Multiple cytokines are involved in HT pathogenesis and they can consequently affect the course of the disease . According to previous researches, cytokines are decisive regarding tumor growth and metastasis in various cancers, including PTC [10, 11]. Of special interest is interleukin 17A (IL-17A), whose expression is reported to be elevated in autoimmune diseases [12, 13]. Moreover, there were evidences linking IL-17A to cancerogenesis through immune activation in lung cancer and human papillomavirus (HPV) related epithelial cancers [14, 15]. In PTC and coexistent HT, the role of IL-17A remains undefined.
Major histocompatibility complex (MHC) class I molecules present endogenously derived peptides and elicit cytotoxic T lymphocytes (CTL), which is a crucial step in T-cell mediated antitumor immune response. However, tumor cells often downregulate MHC class I expression to achieve immune escape [16, 17]. Novel immunotherapy approaches are being explored to restore MHC class I expression. In this paper, we concentrate on lymphocyte infiltration. Because it is both the foundation for CTL killing and pathologic characteristic of HT. Studies have proved that enhanced CTL could augment immunotherapy . Therefore, we hypothesized that HT alters MHC class I expression in PTC, which consequently changes patient outcome.
The aim of this study is to determine the role of IL-17A in PTC patients with coexistent HT, evaluate the changes in PTC immune antigenicity afterwards and investigate possible underlying mechanism.
Patients and tissue samples
PTC patients received radical surgery between Apr. 2014 and Jan. 2016 at the department of Head and Neck Surgery, Fudan University Shanghai Cancer Center were recruited in this study. Patients met the following criteria were included: 1) Pathologically confirmed to have primary PTC with or without the coexistence of HT; 2) No evidence of immunodeficiency; 3) No previous history of any treatment for thyroid conditions. Altogether, 138 patients were included in this study. Fresh-frozen thyroid specimens were obtained from 66 patients, while paraffin embedded tissue sections of the other 72 were acquired from the hospital tissue bank.
Tumorous (T) and adjacent para-tumor (PT) tissue were harvested from each patient. Clinical data (sex, age, tumor size, extrathyroidal invasion, metastasis, multifocality and TNM stage) were collected. TNM stage was decided according to the 8th edition of AJCC/UICC TNM staging system. Informed consent was obtained from all patients before research. The current study acquired Institutional Review Board approval from Fudan University Shanghai Cancer Center.
Cell lines and culture
Two PTC cell lines (K1 and TPC-1) and one normal human thyroid cell line Nthy-ori 3–1 were used in this study. K1 and TPC-1 were purchased from University of Colorado Cancer Center Cell Bank. Nthy-ori 3–1 was purchased from Sigma-Aldrich, Inc. All cell lines were cultured in RMPI 1640 medium containing 10% FBS (Invitrogen, Carlsbad, CA, USA) at 37 °C with 5% CO2 in proper humidity.
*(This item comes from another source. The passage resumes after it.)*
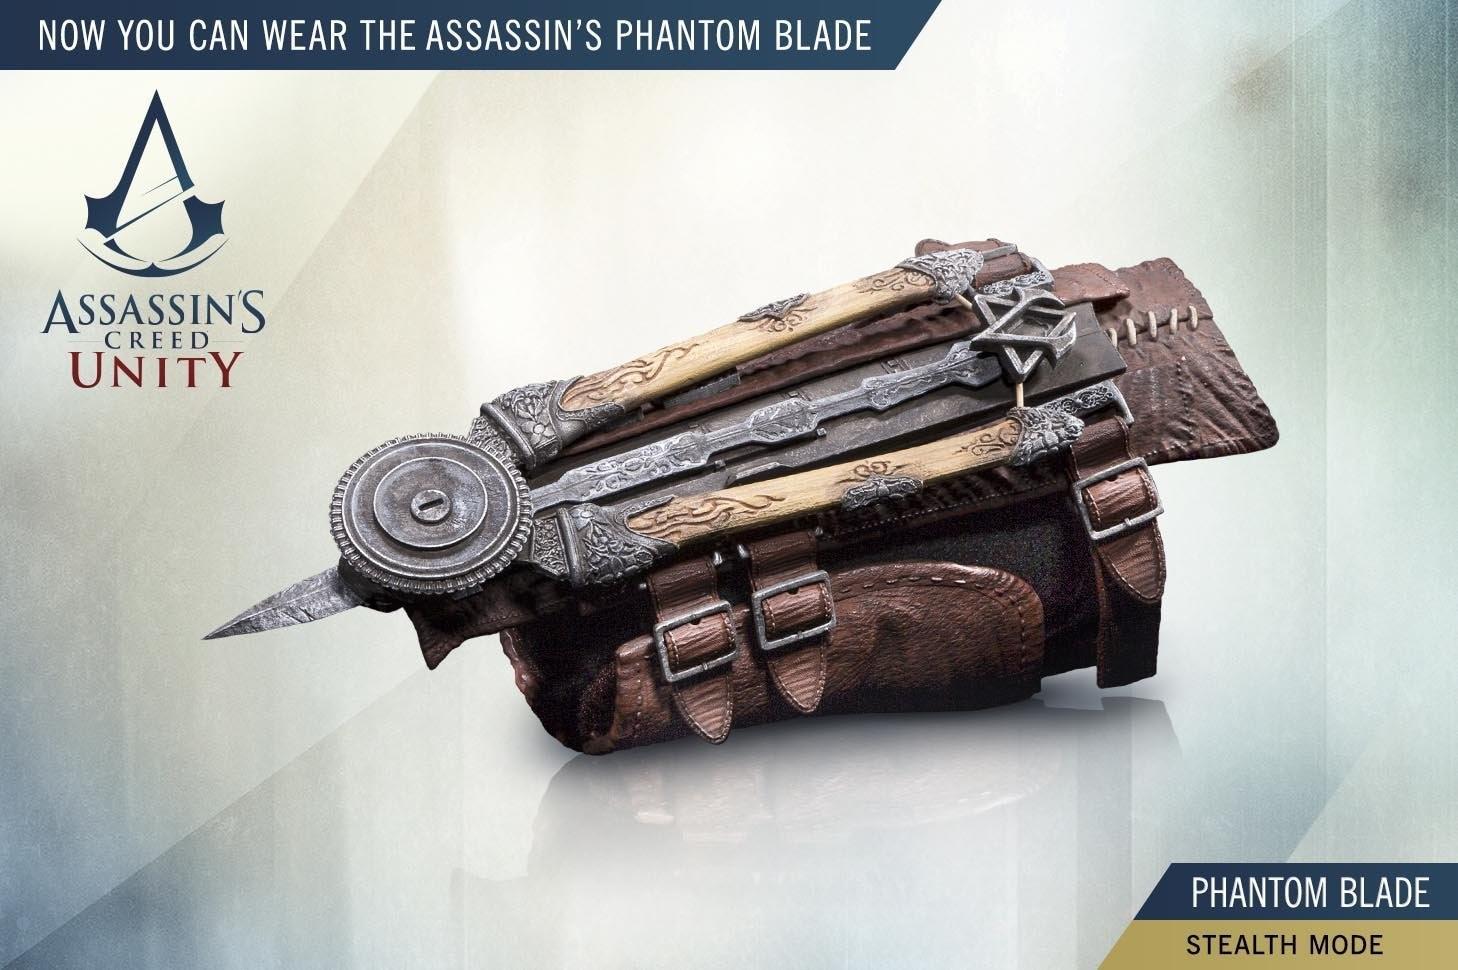 Assassin's Creed 5 Revolution Unity Sleeve Arrow Edward Kenway Sleeve Swords Sleeve Sword Garage Kit

RNA extraction, reverse transcription and quantitative real time PCR (qPCR)
Total RNA of cultured cells and fresh frozen tissue samples was extracted with TRIzol Reagent (Invitrogen, Inc.). 1μg total RNA was used as template for cDNA synthesis by means of a PrimeScript™ RT Reagent Kit (Takara, Dalian, China). Quantitative PCR was performed in triplicate using SYBR Green Premix Ex Taq™ II (Takara, Dalian, China). Expression of IL-17A, human leukocyte antigen (HLA) -A, HLA-B and HLA-C was then tested and β-actin was used as an internal control. Comparative cycle threshold values (2-ΔΔCt) were adopted in analysis. Primer sequences are listed in Additional file 1: Table S1.
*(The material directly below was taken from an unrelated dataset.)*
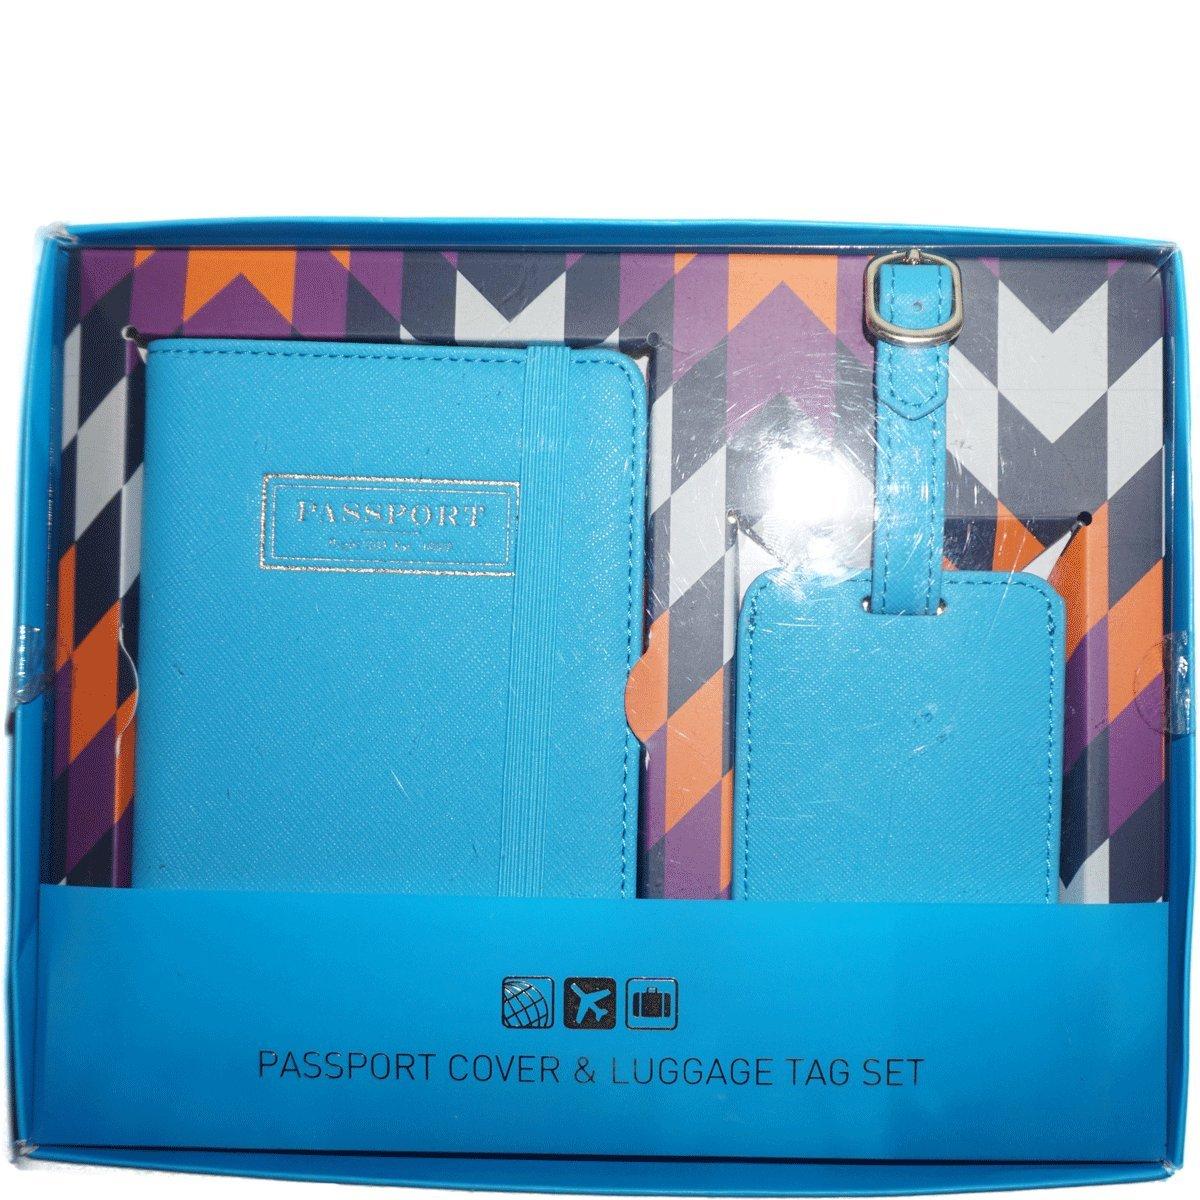 Flight 001 Passport And Luggage Tag Set Turquoise

Formalin-fixed and paraffin-embedded tissue sections were deparaffinized in xylene and rehydrated with ethanol. Slices were treated with 3% H2O2 followed by heat-induced antigen retrieval (0.01 mol/L citrate, pH 6.0). 5% BSA was used to block non-specific protein-protein interactions. Sections were incubated overnight at 4 °C with primary antibodies against IL-17A (13082–1-AP, Proteintech) and HLA class I ABC (ab70328, Abcam). Secondary antibody staining and antigen detection was performed using IHC kit (KIHC-1, Proteintech). Sections were counterstained with hematoxylin, dehydrated, and mounted with resin. Images were obtained through an Olympus IX71 inverted microscope with a DP2-BSW Olympus image acquisition software system. The sections were read separately by two experienced pathologists blinded to patient information and scored based on the extent of staining (0, no staining; 1, ≤10%; 2, 10–50%; and 3, > 50%) as well as the intensity of staining (0, negative; 1, weak; 2, moderate; and 3, strong). These two scores were multiplied to generate an immunoreactivity score (IS) for each case.
Isolation of peripheral blood lymphocytes (PBLs)
Peripheral blood of healthy volunteers was drawn and placed onto human lymphocyte separation medium (Dakewe Biotech Co., Ltd). PBLs were isolated by differential density gradient centrifugation and plated in U-shaped bottom 96-well cell culture plates (2 × 105 cells/well) using RMPI 1640 medium containing 10% FBS (Invitrogen, Carlsbad, CA, USA). Antibodies against CD3 (16–0037-85, eBioscience) and CD28 (16–0289-85, eBioscience) were added into each well (2 μg/mL). After 72 h, PBLs were dyed with fluorescence-conjugated antibodies against CD3 (300,308, BioLegend), CD8 (300,906, BioLegend) and CD25 (302,610, BioLegend) and sorted by flow cytometer (MoFlo XDP, Beckman Coulter, Inc.). Activated T cells (CD3+CD8+CD25+) were collected.
Pretreatment of PTC cell lines with IL-17A
0.1 μg/μL of recombinant human IL-17A (200–17, Peprotech) was added in the culture media of K1 and TPC-1 cells for 24 h. all cells were washed thoroughly before further treatment
Coculture system of activated T cells and PTC cell lines
Activated CD3+CD8+CD25+T cells (1 × 105 cells/well, effector cells, E) were plated in wells with PTC cells (target cells, T) at an E:T ratio of 10:1 and 30:1 for 24 h.
Cells were transferred into centrifuge tubes and dyed with fluorescence-conjugated antibodies against MHC class I ABC (ab70328, Abcam), CD3 (300,308, BioLegend), CD25 (302,610, BioLegend) and PD-1 (329,918, Biolegend). After incubation, flow cytometry was performed using a Cytomics™ FC 500 cytometer (Beckman Coulter, Inc.). For the detection of MHC class I, cells were also stained with FITC-labeled goat anti-mouse secondary antibody (555,988, BD Pharmingen). Results were analyzed using FlowJo software (Tree Star).
Enzyme-linked immunosorbent assay (ELISA)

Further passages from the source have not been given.